*WHAT YOU SHOULD DO*.
Exact reproduction is required for the lines below starting at the line with "modernes ungestelltes Hochzeitsfoto" and ending at the line with "Henrik Freischlader - Blues for Gary", both included. No other lines, and no pictures.
··· RAW DATA
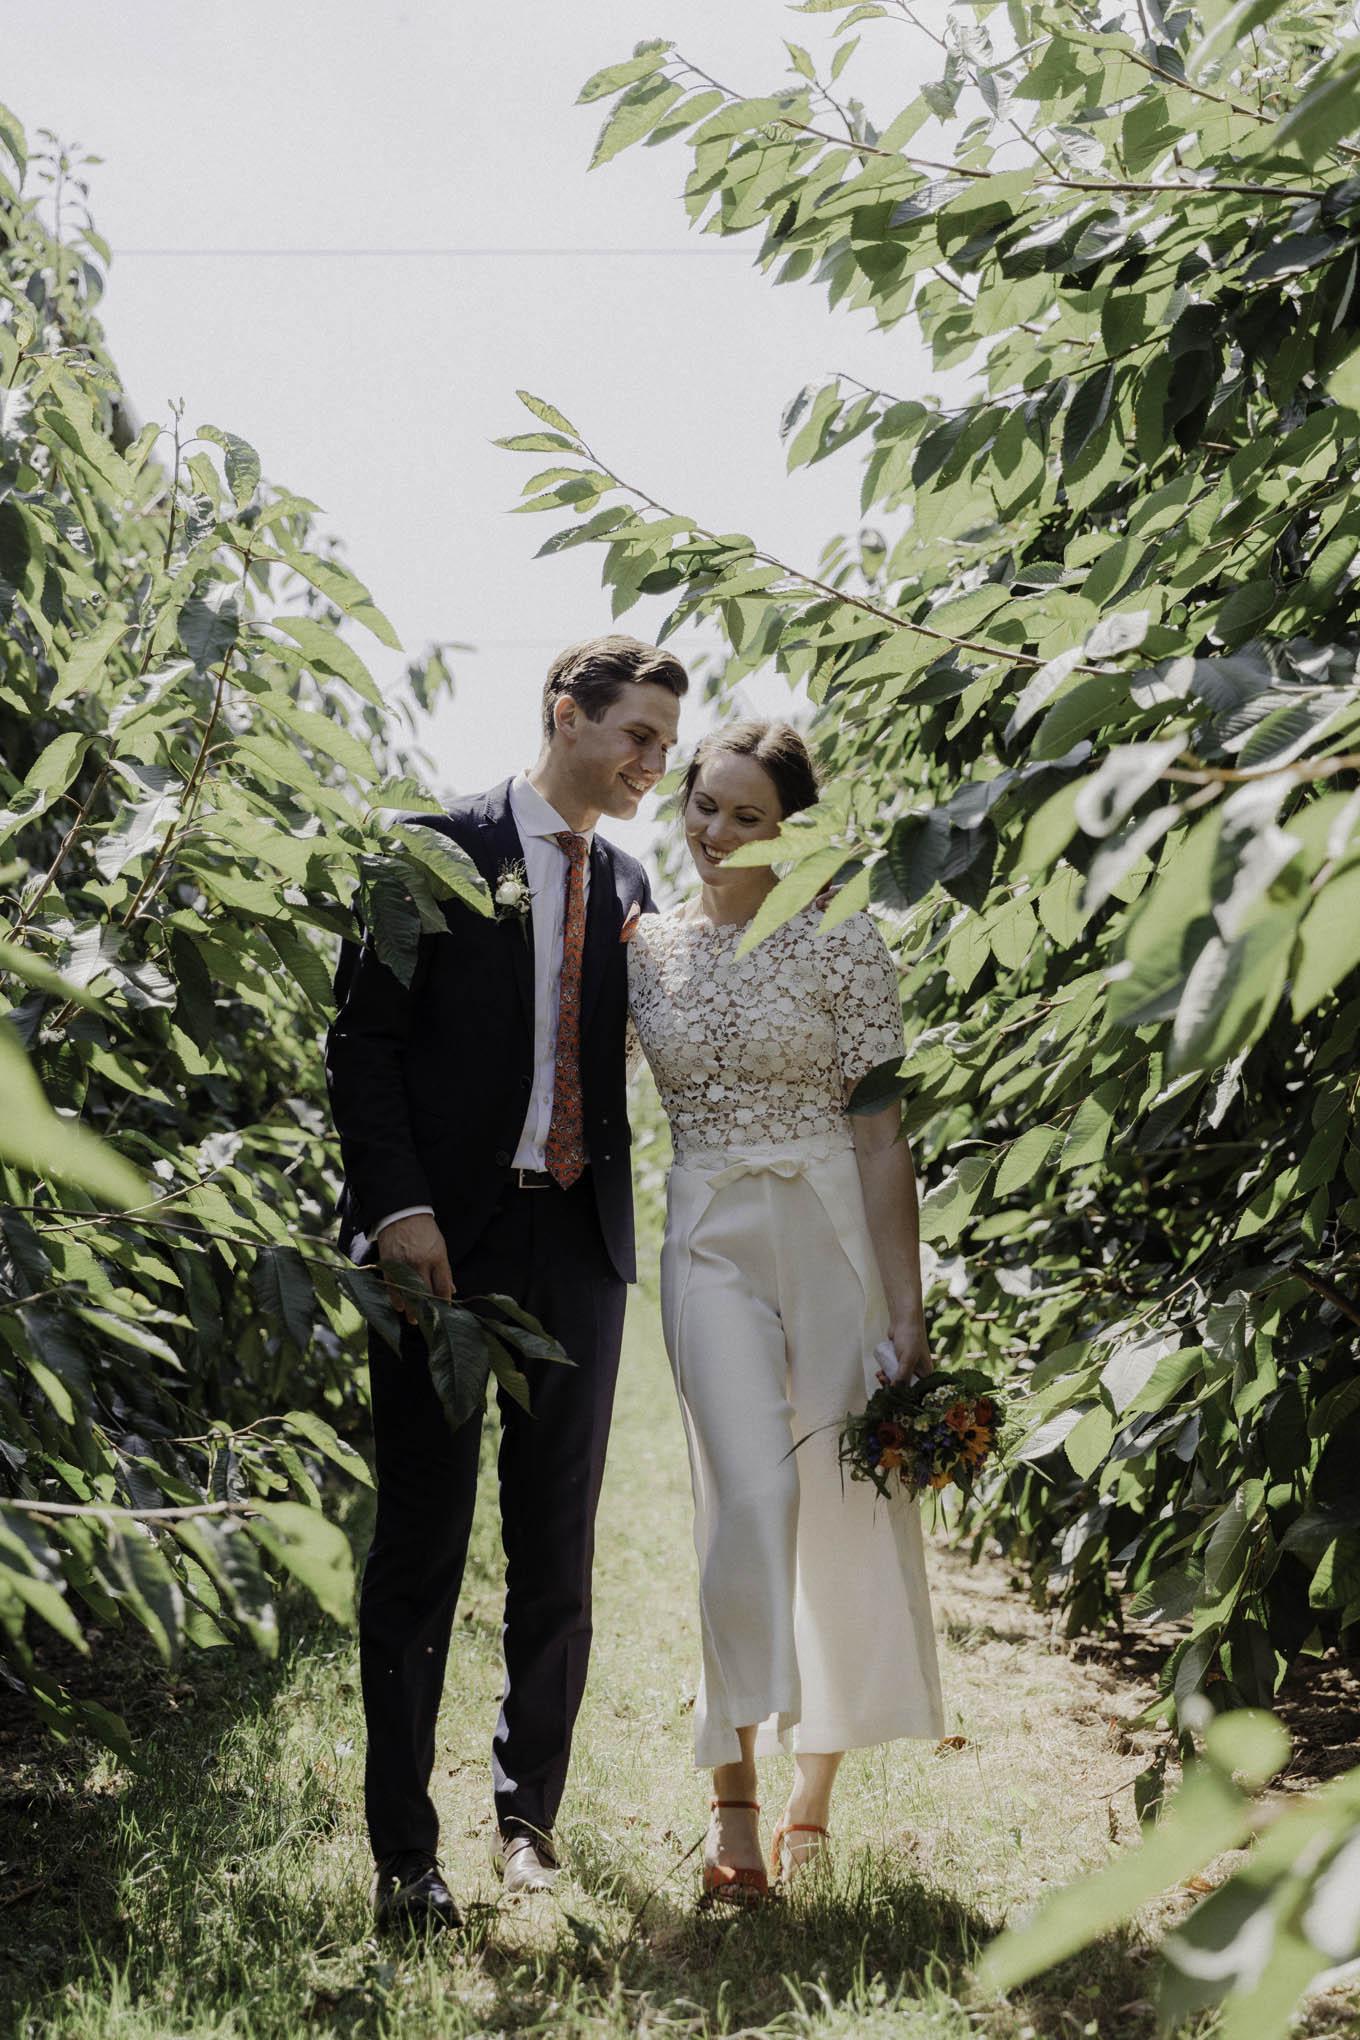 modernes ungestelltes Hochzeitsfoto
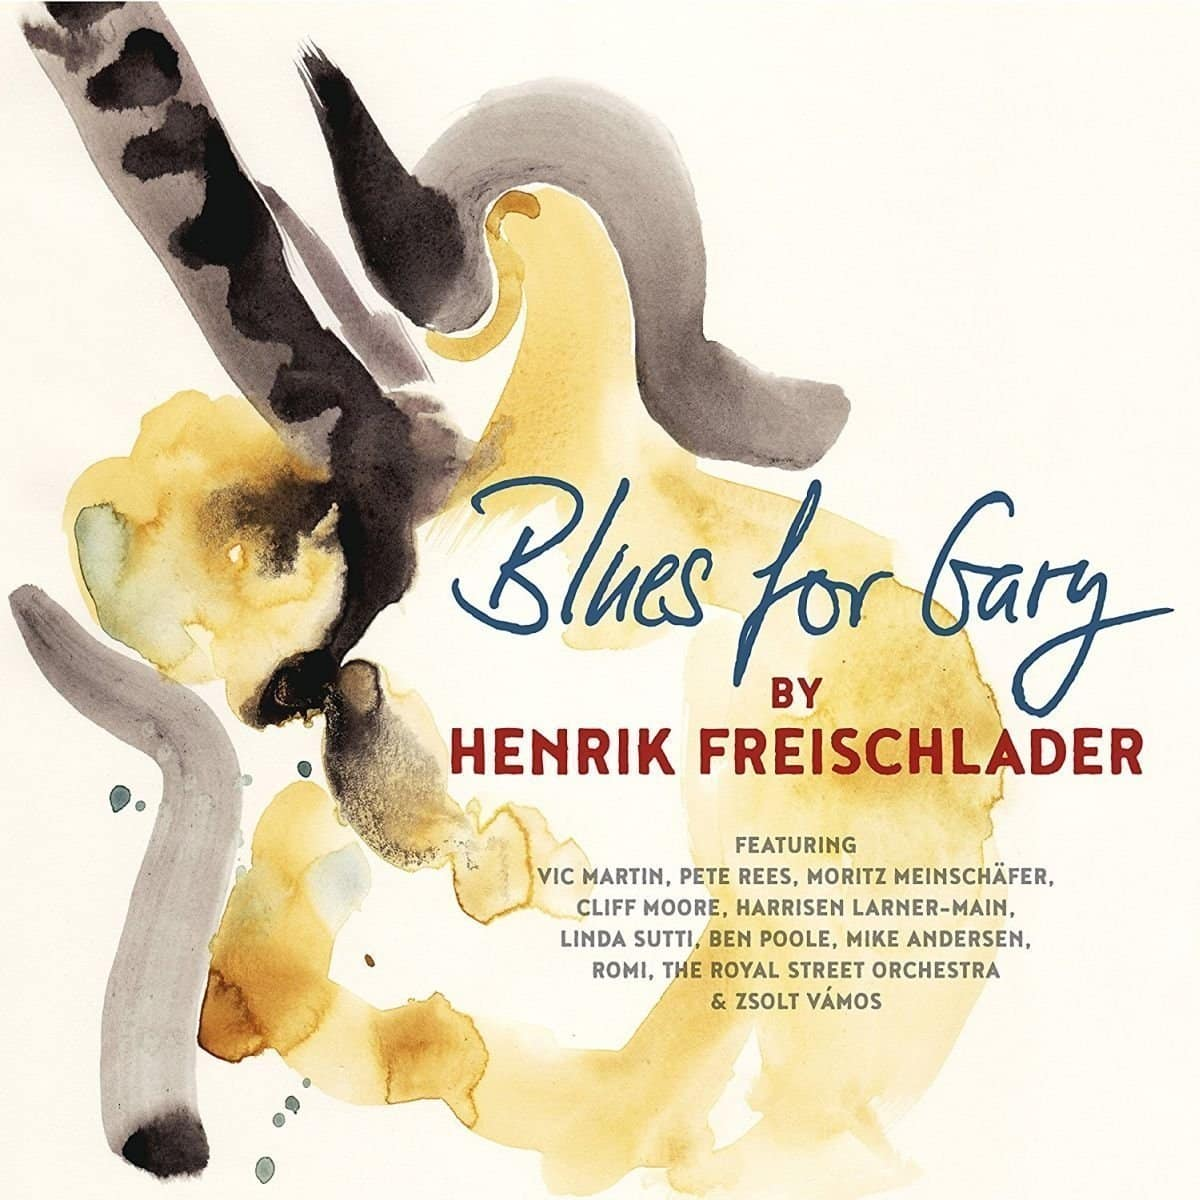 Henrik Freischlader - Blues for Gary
······
··· RAW DATA
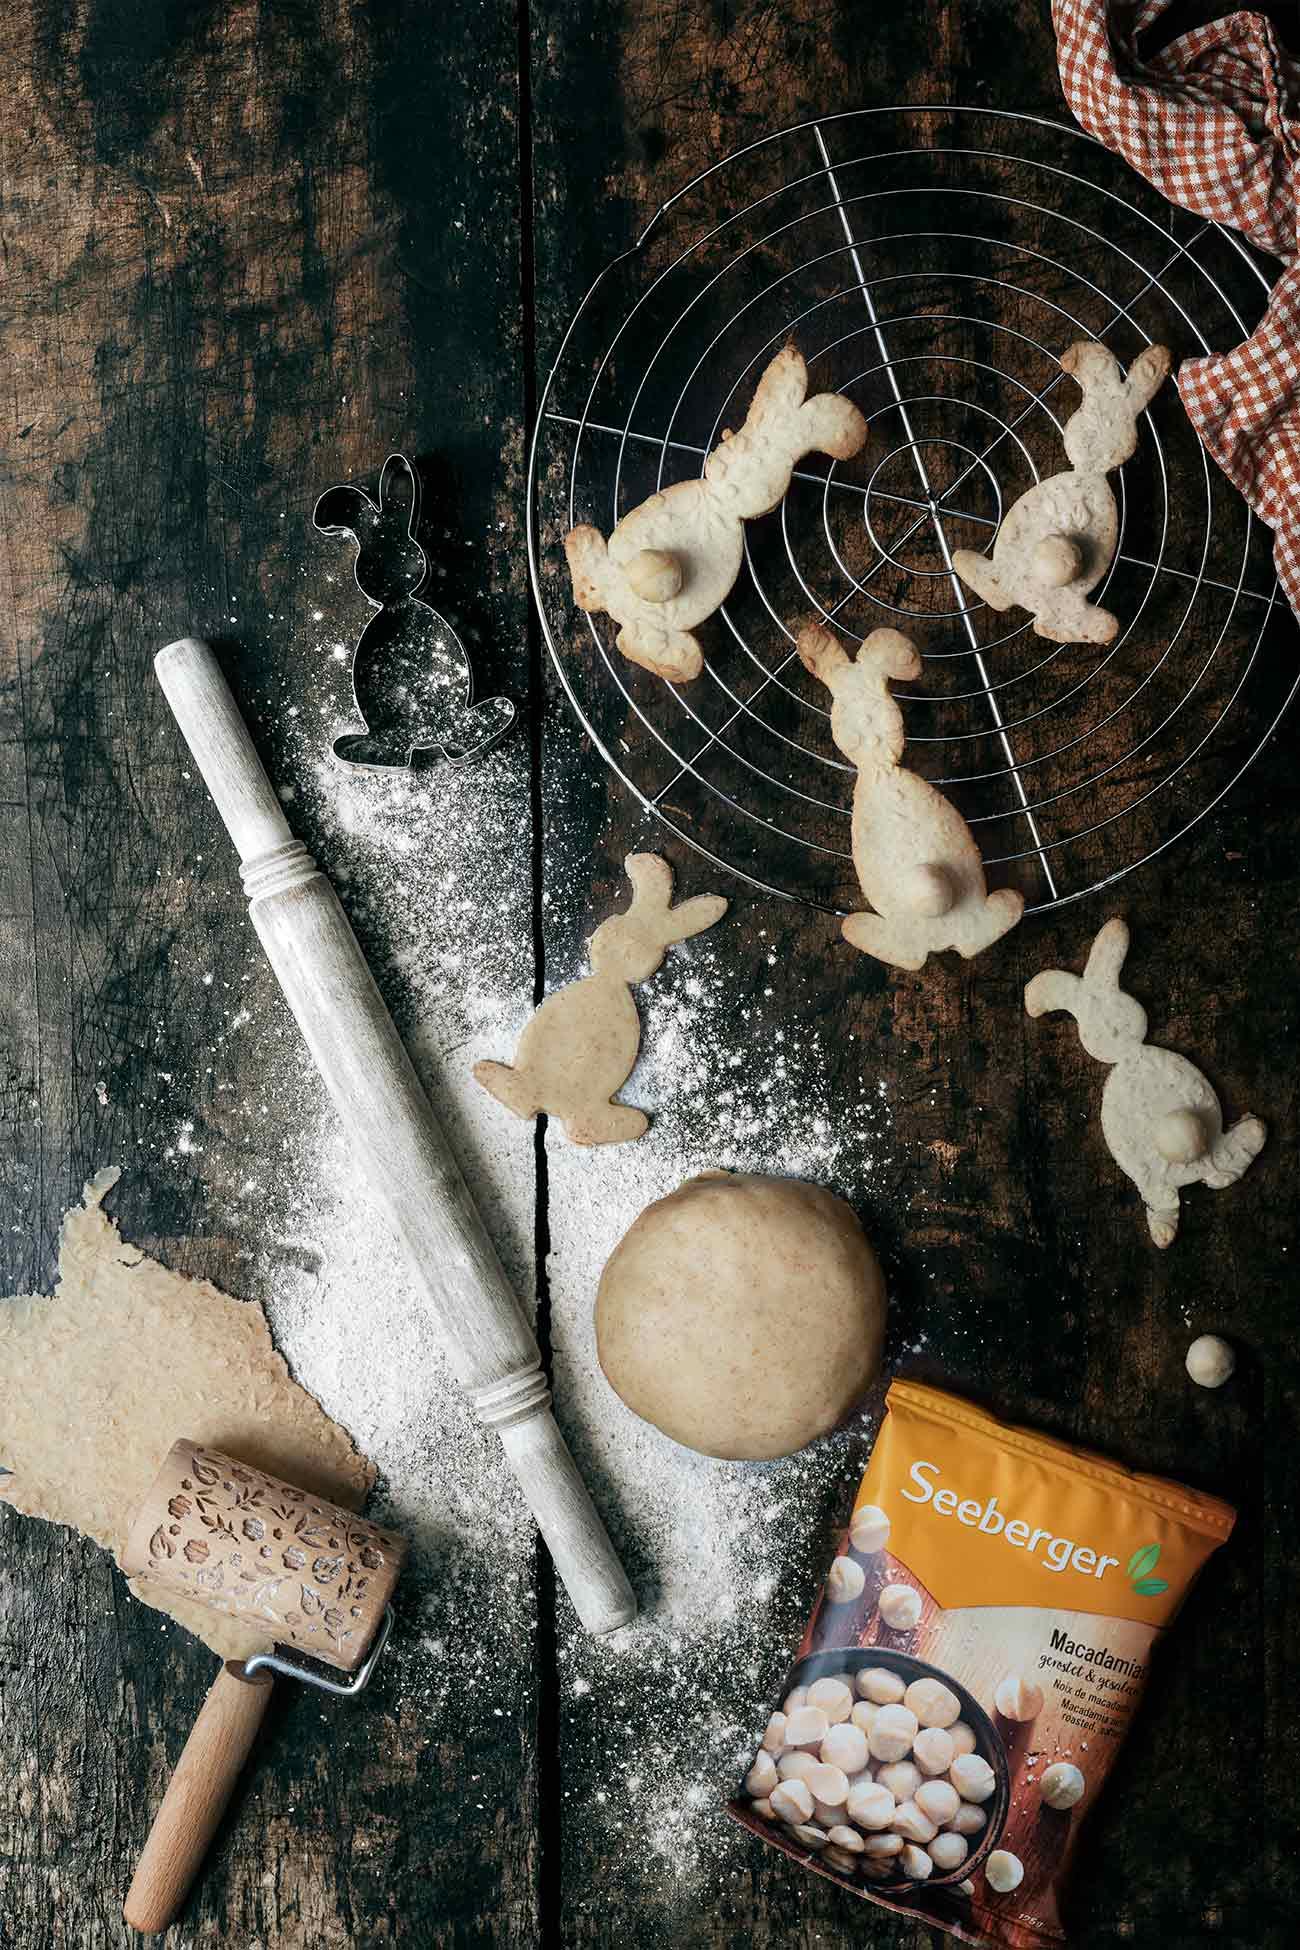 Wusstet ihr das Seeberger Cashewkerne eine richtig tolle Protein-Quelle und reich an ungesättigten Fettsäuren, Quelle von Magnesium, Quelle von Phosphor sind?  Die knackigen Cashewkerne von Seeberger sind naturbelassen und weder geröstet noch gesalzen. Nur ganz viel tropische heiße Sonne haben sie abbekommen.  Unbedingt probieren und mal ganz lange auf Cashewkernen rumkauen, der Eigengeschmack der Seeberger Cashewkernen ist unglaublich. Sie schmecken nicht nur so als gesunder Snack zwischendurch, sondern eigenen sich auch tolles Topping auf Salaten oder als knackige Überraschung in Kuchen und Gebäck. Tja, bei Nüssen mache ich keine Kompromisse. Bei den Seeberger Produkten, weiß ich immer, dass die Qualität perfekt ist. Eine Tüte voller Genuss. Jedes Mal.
······
*FINISHED EXERCISE*.
 modernes ungestelltes Hochzeitsfoto
 Henrik Freischlader - Blues for Gary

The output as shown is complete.